[Tex/LaTex] Different Results for distance by sqrt and veclen

calculationstikz-pgf

I'm trying a simple task of drawing a tangent to a circle. While I already succeded with the tangent cs option, I also want to use the library calc for the exact intersection points. I simply start from the middle of the circle and calculate the respective angle to the intersection point by acos of the adjacent leg and the hypotenuse. The first one is the radius, the second one I want to have calculated by the calc library. This is what I tried:

\begin{tikzpicture}
\coordinate (A) at (13,9);
\coordinate (T) at (10,2);
%
\draw (T) circle (2);
\draw let \p1 = ($(A)-(T)$) in (T) --++ ({acos(divide(2,veclen(\x1,\y1)))}:2)--(A);
\draw (T) --++ ({acos(2/sqrt(3^2+7^2))}:2)--(A);
\draw (T) -- (A);
\end{tikzpicture}

However, neither of the two intersection points are correct. Why is that?

Best Answer

Like Alex wrote you need to add atan(7/3) but if you want to use veclen you also need to modify your expression to calculate the angle

Remark : compare the next codes (\x1 =85.35823pt \y1=199.1692pt)

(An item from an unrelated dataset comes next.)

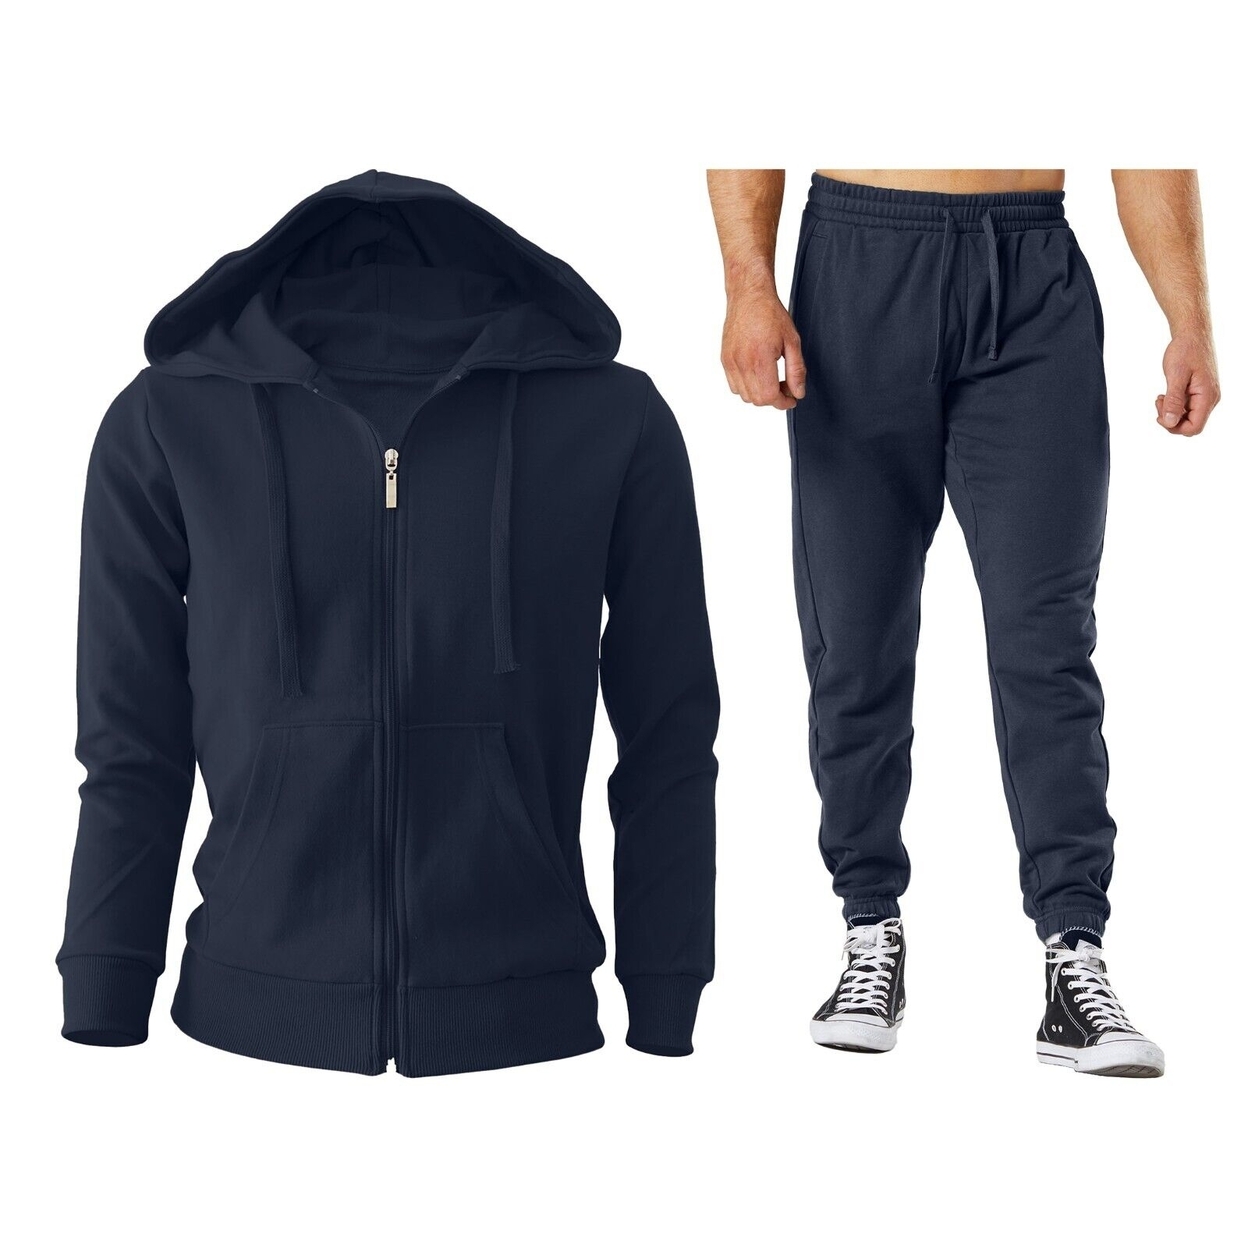 2-Piece: Men's Winter Warm Cozy Athletic Multi-Pockets BIG & TALL Sweatsuit Set - Navy, Xx-large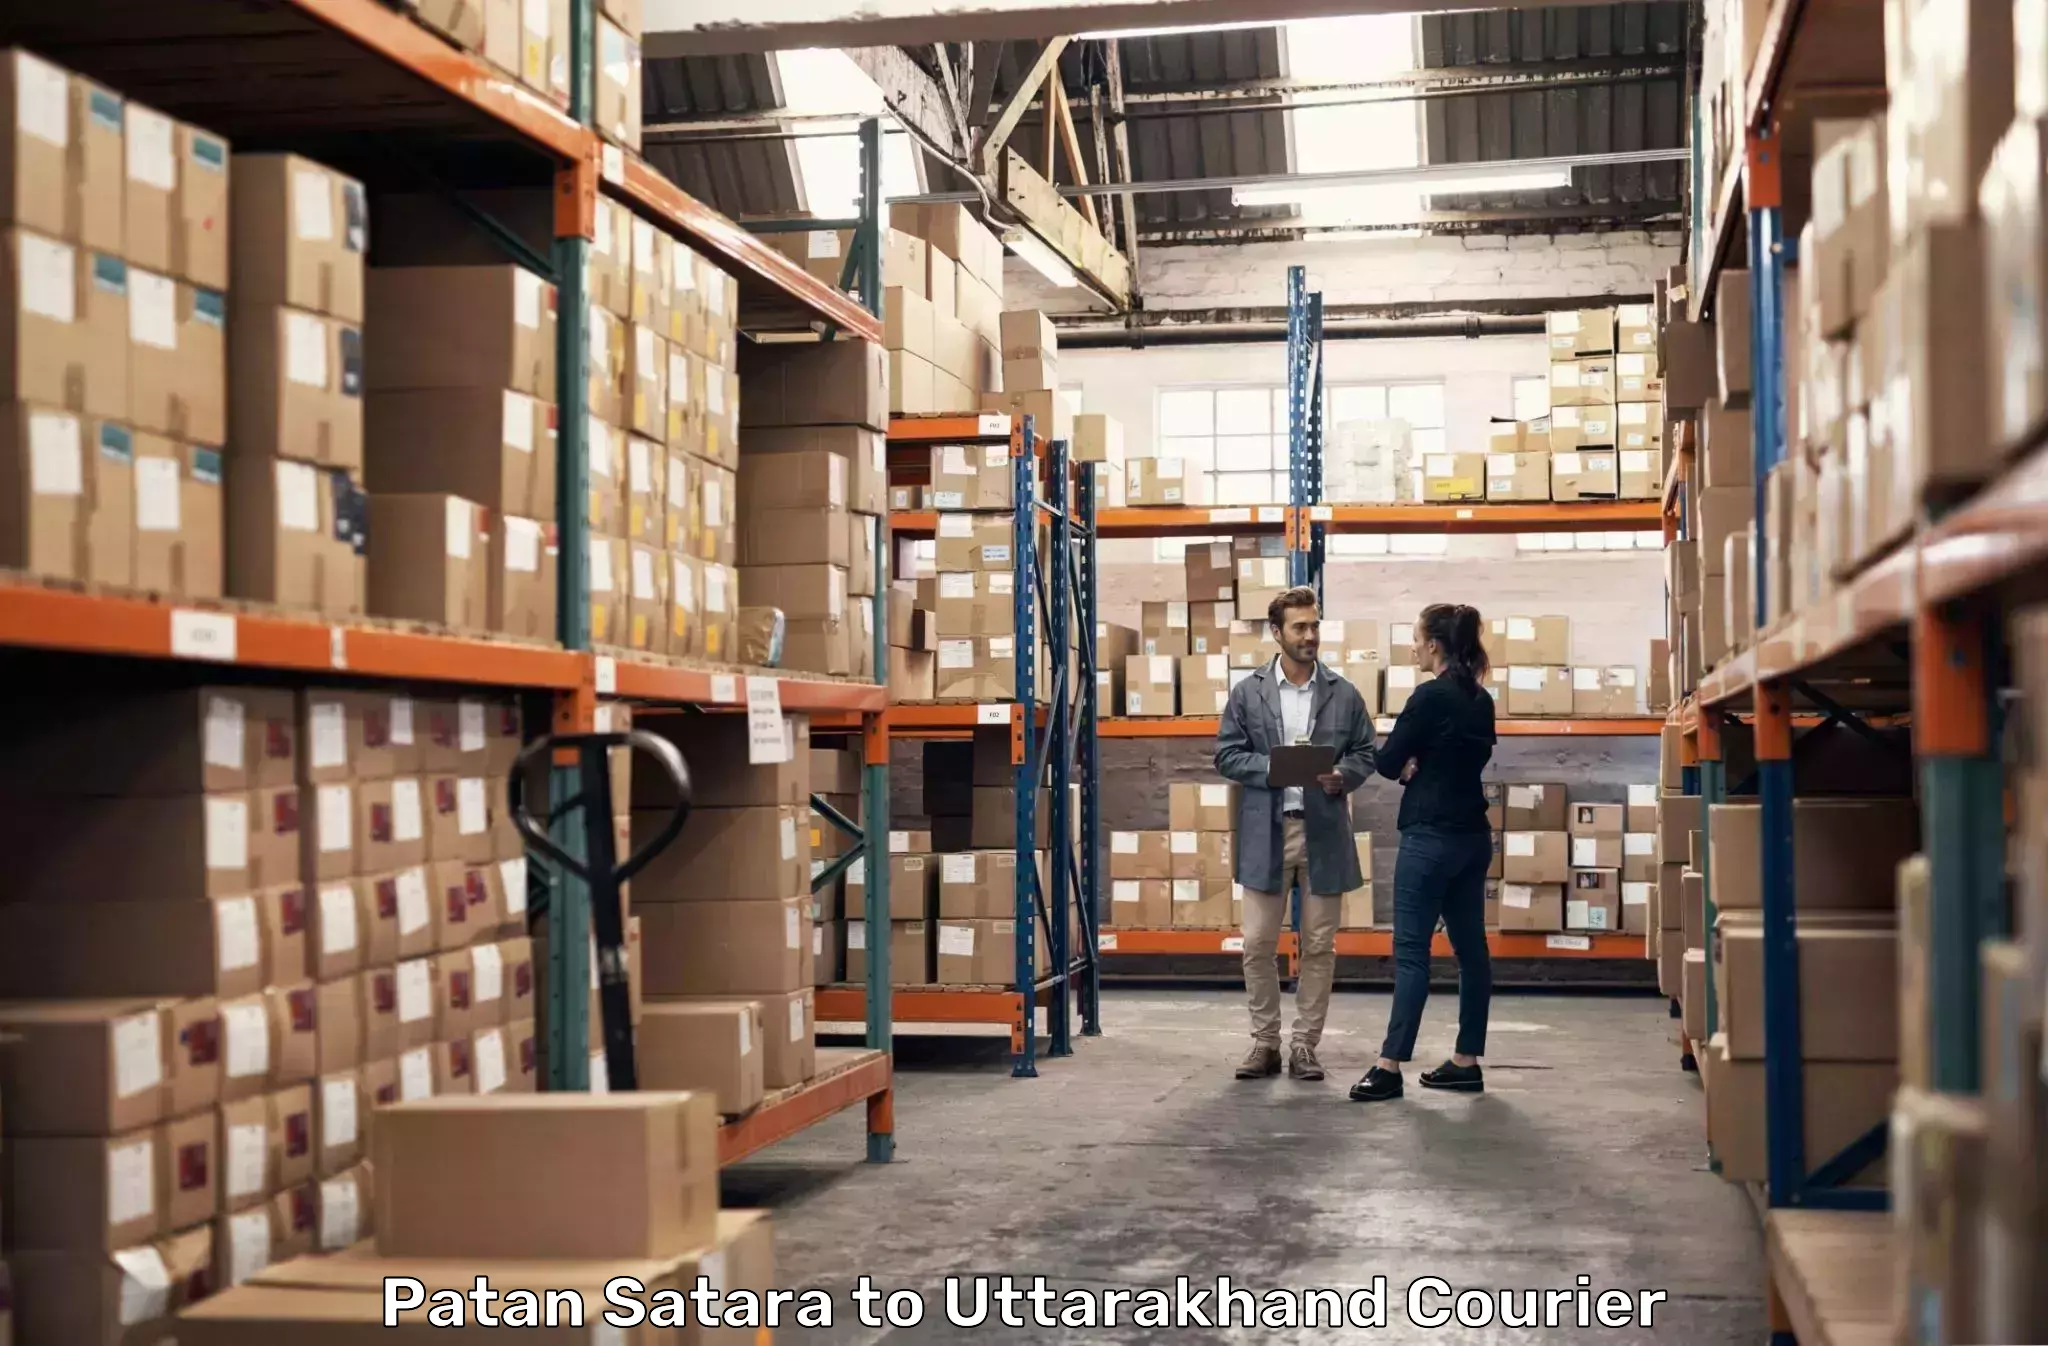 Business delivery service Patan Satara to Pithoragarh

\pgfmathparse{veclen(85.35823pt,199.1692pt)} \pgfmathresult
\pgfmathparse{veclen(3,7)} \pgfmathresult
\pgfmathparse{veclen(3cm,7cm)} \pgfmathresult

The pgfmanual gives only

veclen(x,y) \pgfmathveclen{x}{y} Calculates sqrt(x^2 + y^2). This uses a polynomial approximation, based on ideas of Rouben Rostamian

12.99976 result of \pgfmathparse{veclen(12,5)} \pgfmathresult

This is not enough. The dimensions are in pt. You have the possibility to give another unit for example \pgfmathparse{veclen(12cm,5cm)} \pgfmathresult and the result is 369.87305 but in pt. Possible also \pgfmathparse{veclen(12cm,5pt)} but it's a bad idea to mix units.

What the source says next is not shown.